## Exercise objective
Transcribe all of the data exactly. Omit the pictures.

## Stored data

═══

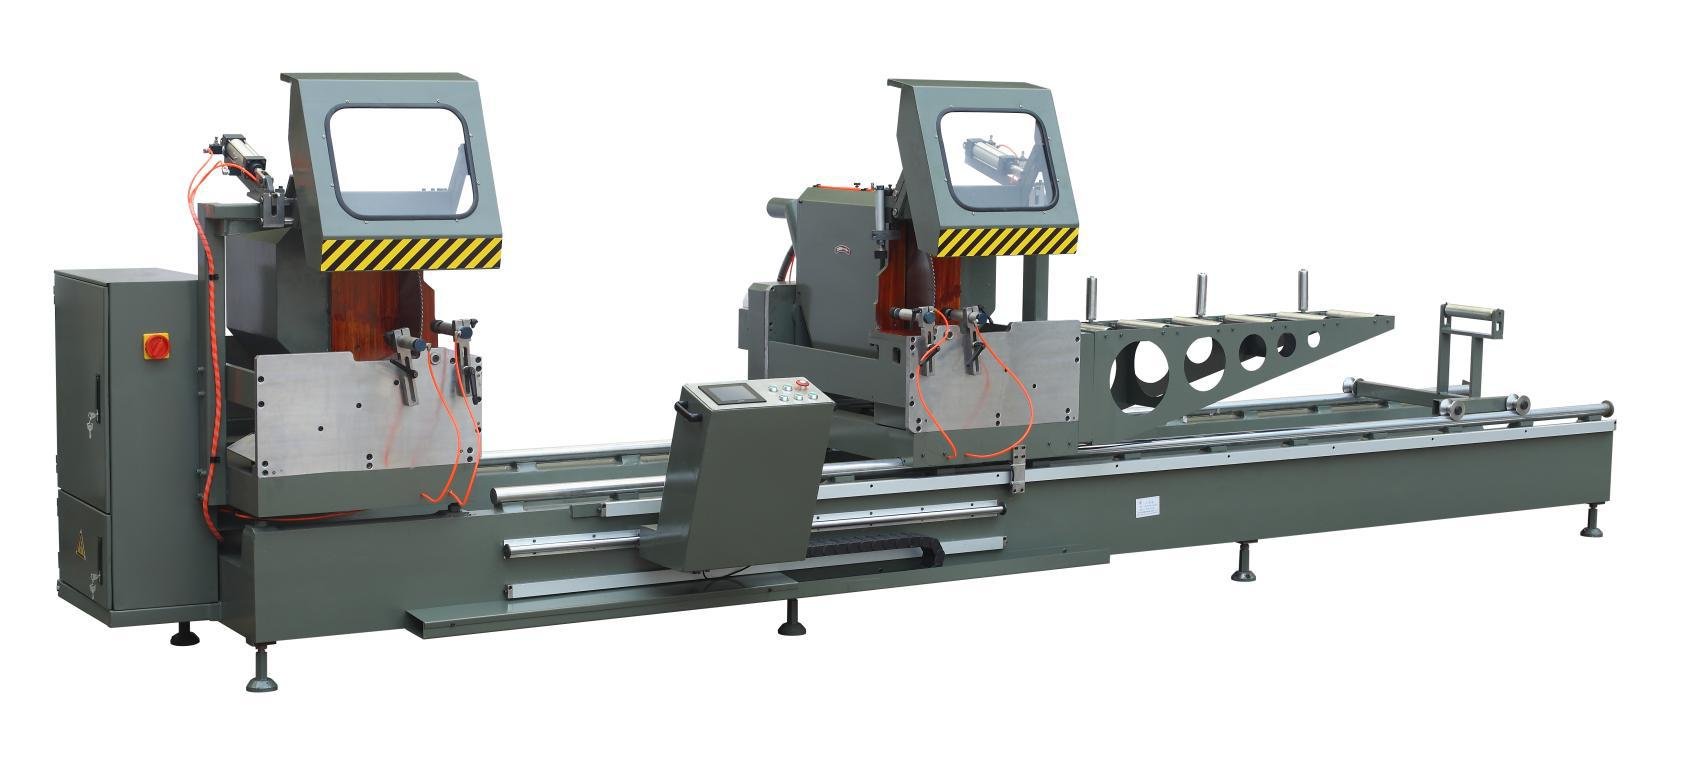 kingtool aluminium machinery Array image435
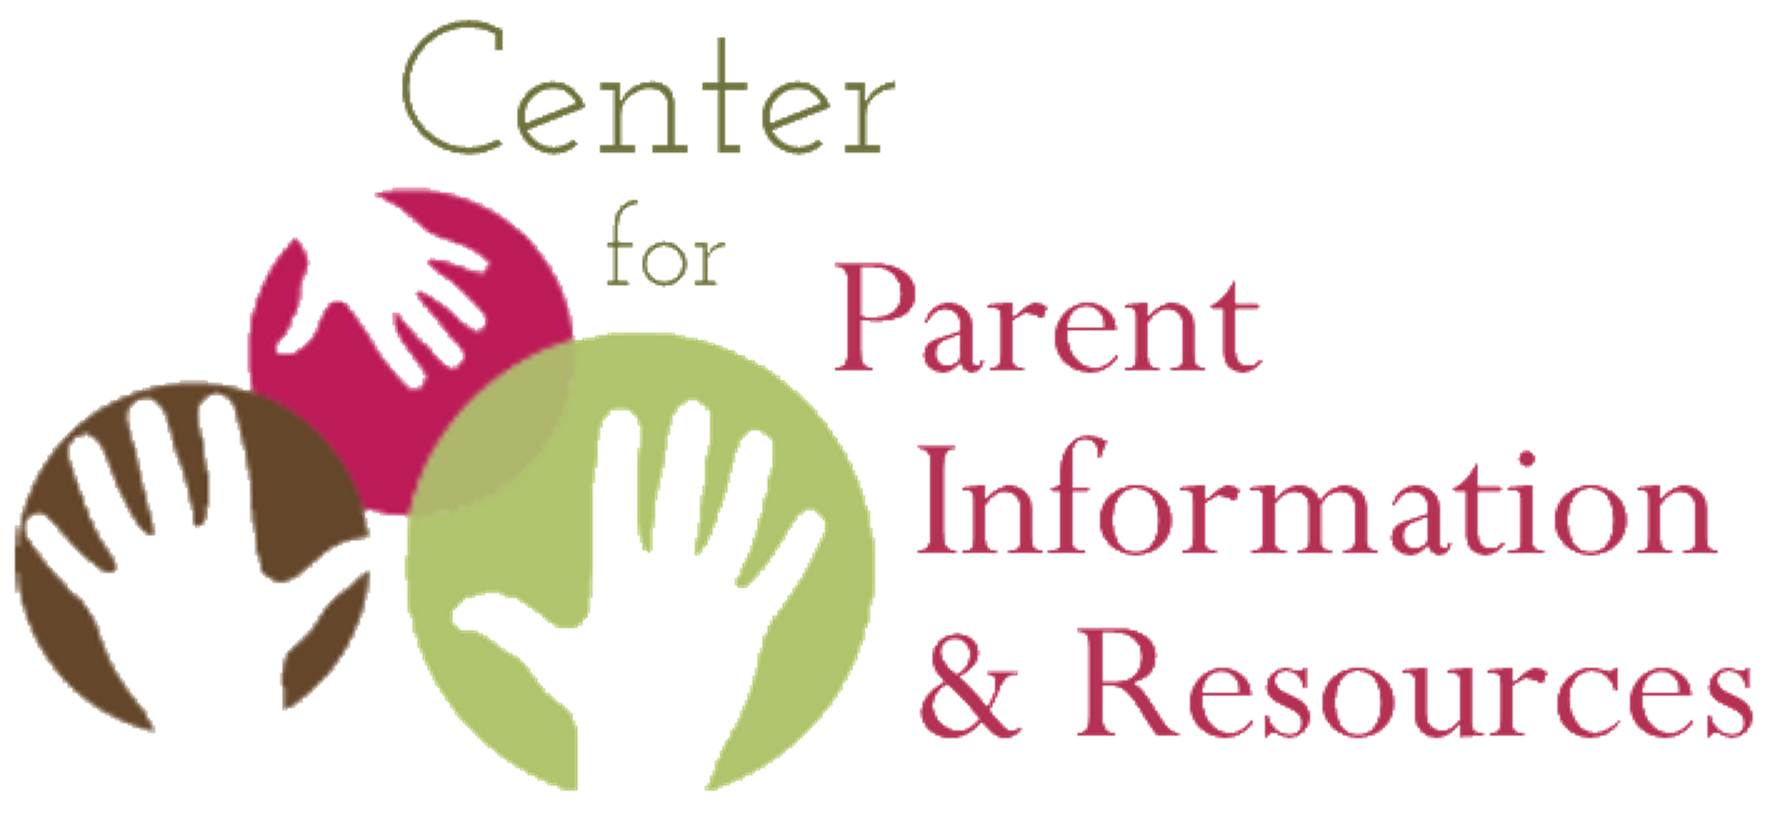 Logotipo del Centro de Información y Recursos para Padres.
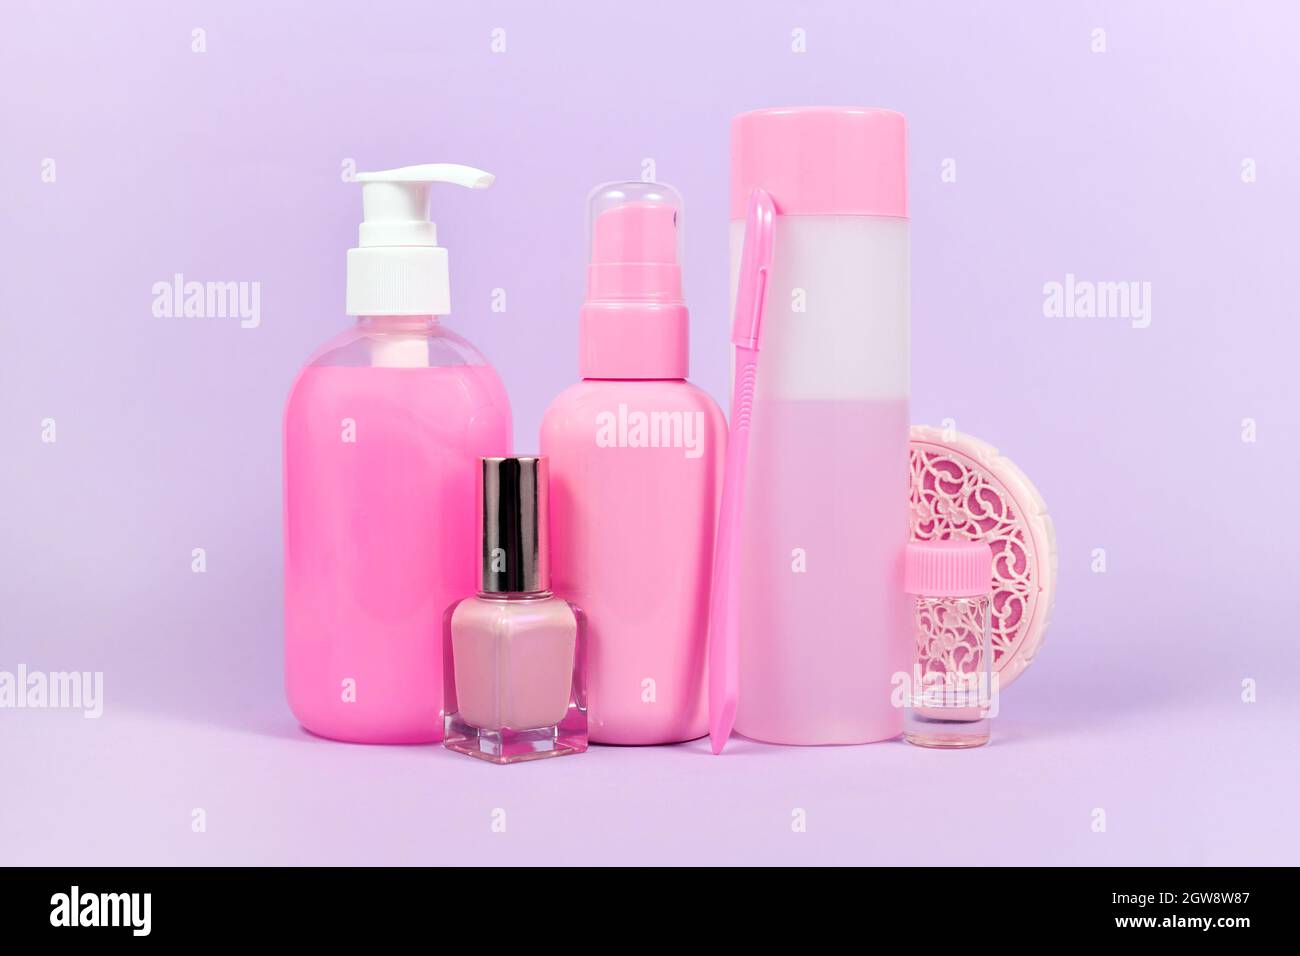 Divers produits d'hygiène de couleur rose stéréotype commercialisés aux femmes Banque D'Images

═══

## Result of this task
 kingtool aluminium machinery Array image435
 Logotipo del Centro de Información y Recursos para Padres.
 Divers produits d'hygiène de couleur rose stéréotype commercialisés aux femmes Banque D'Images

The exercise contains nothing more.